A circle's center is at #(5 ,4 )# and it passes through #(1 ,4 )#. What is the length of an arc covering #(2pi ) /3 # radians on the circle?

The length of the arc is found by calculating the fraction of the circumference.

We are given the coordinates of the centre and a point on the circumference. Hence the radius is the distance between these 2 points. The 2 points (5 ,4) and (1 ,4) have the same y-coordinate and so they lie on a horizontal line ( y = 4). The distance between the points is therefore the difference in the x-coordinates.

To find the length of an arc covering $\frac{2\pi}{3}$ radians on a circle, you need the circle's radius and the formula for arc length: $L = r\theta$, where $L$ is the arc length, $r$ is the radius, and $\theta$ is the angle in radians.

1. Find the Radius: The distance between the center of the circle $(5, 4)$ and a point it passes through $(1, 4)$ will give you the radius.

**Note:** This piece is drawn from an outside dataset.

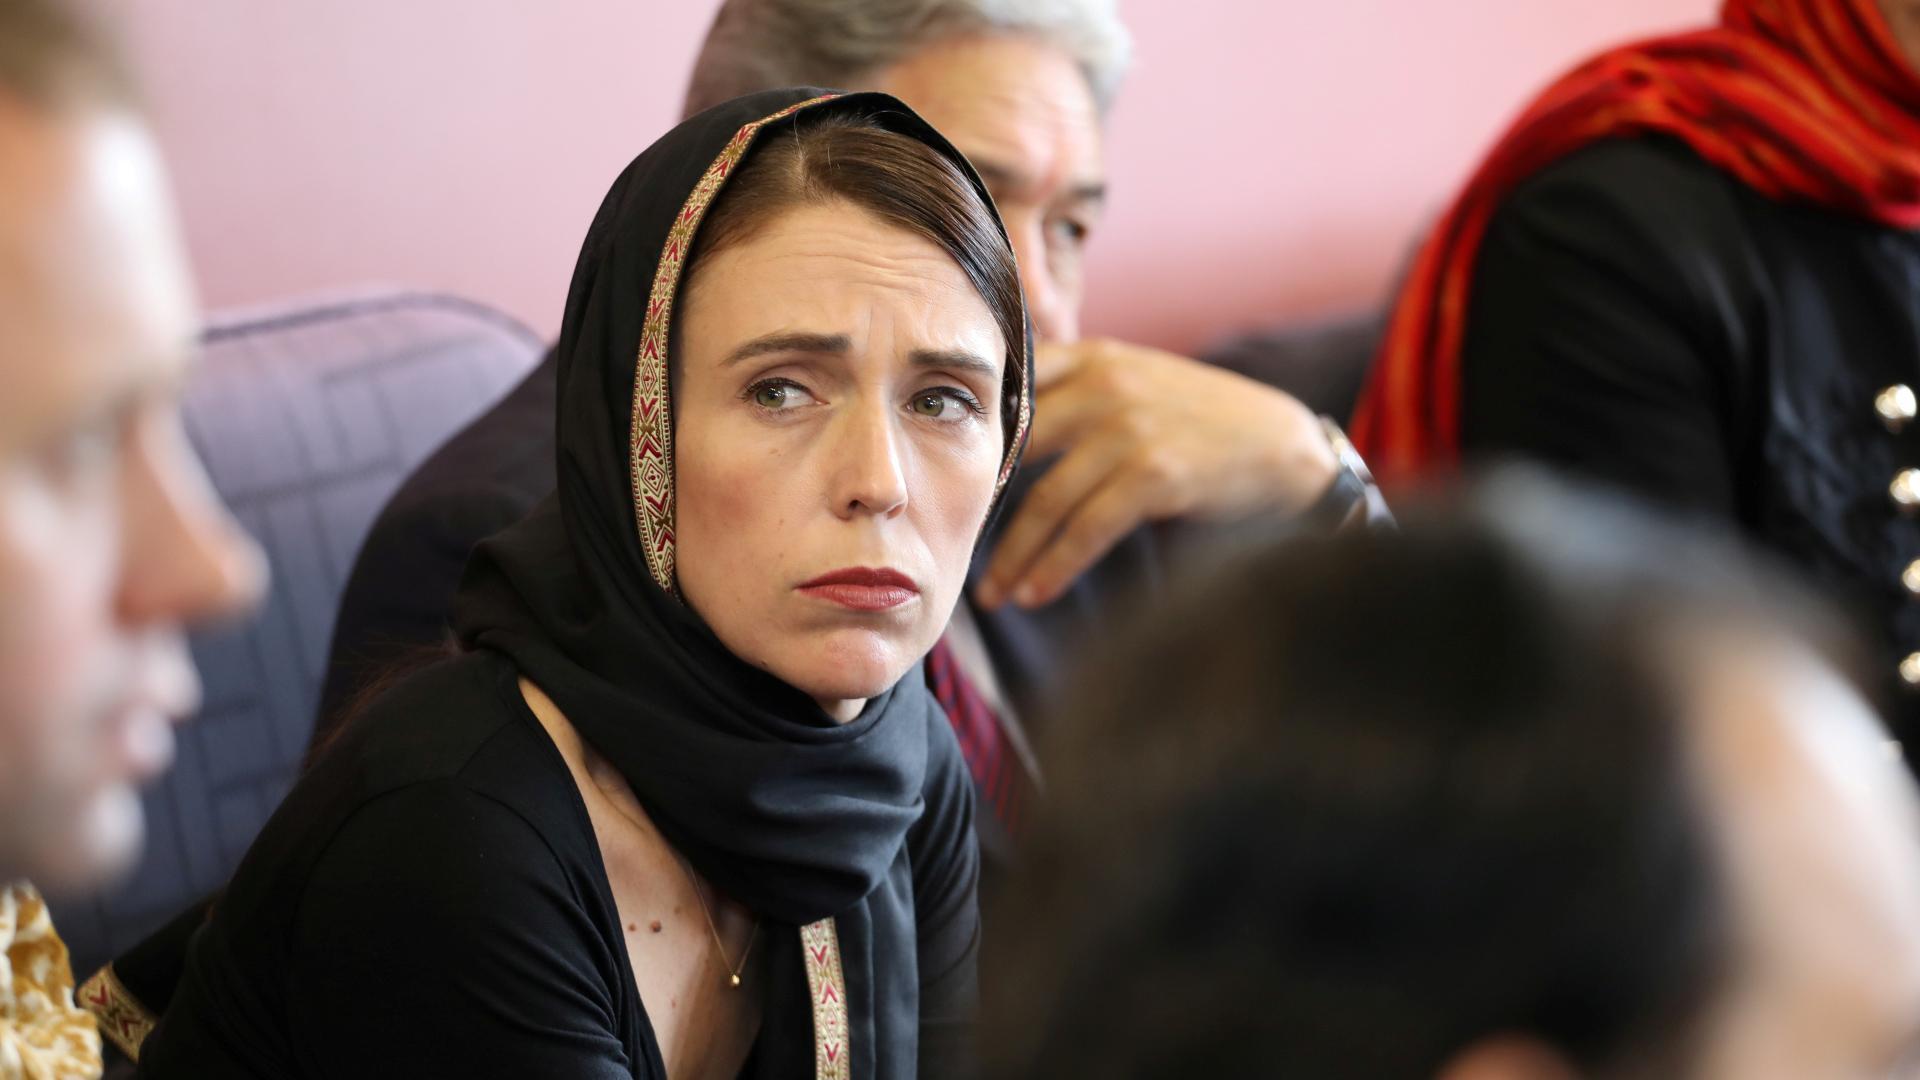 New York Times Editorial Board: U.S. Deserves Leader 'As Good As Jacinda Ardern'
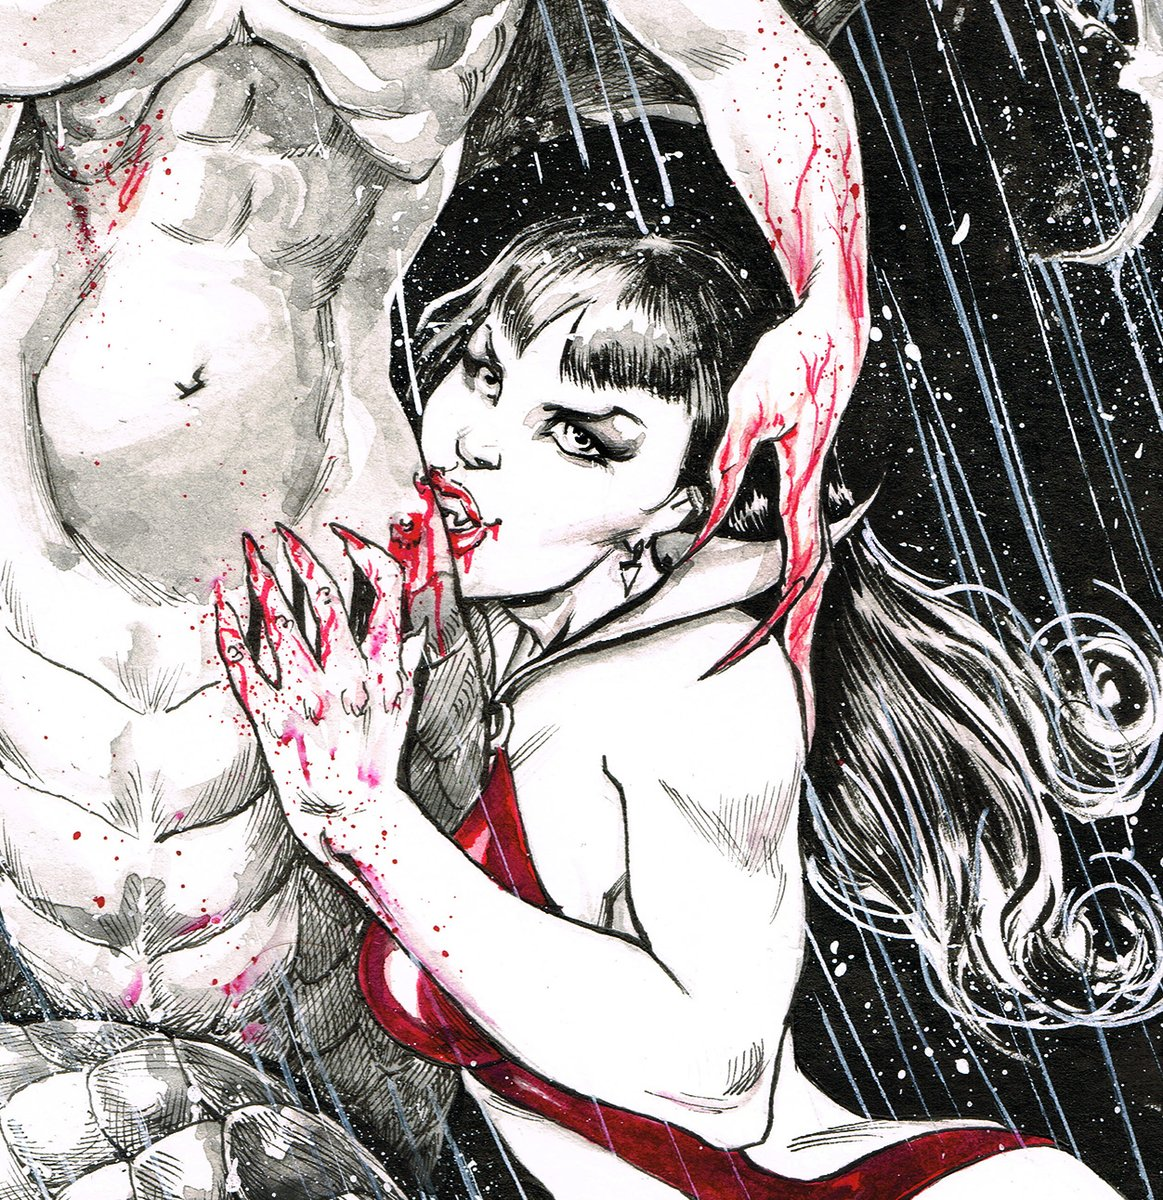 Vampirella, watercolor. #vampirella #watercolorart #vampirellacomics #comics #illustration #eroticart #doodle #sketch #sketches #art #artontwitter #ArtOfTheDay

Since the y-coordinates are the same, the distance is just the difference in the x-coordinates, which is $|5 - 1| = 4$. So, the radius $r = 4$.

2. Calculate the Arc Length: Using the formula $L = r\theta$ with $r = 4$ and $\theta = \frac{2\pi}{3}$,

$L = 4 \times \frac{2\pi}{3}$

Let's calculate the exact length of the arc.The length of an arc covering $\frac{2\pi}{3}$ radians on the circle is approximately 8.38 units.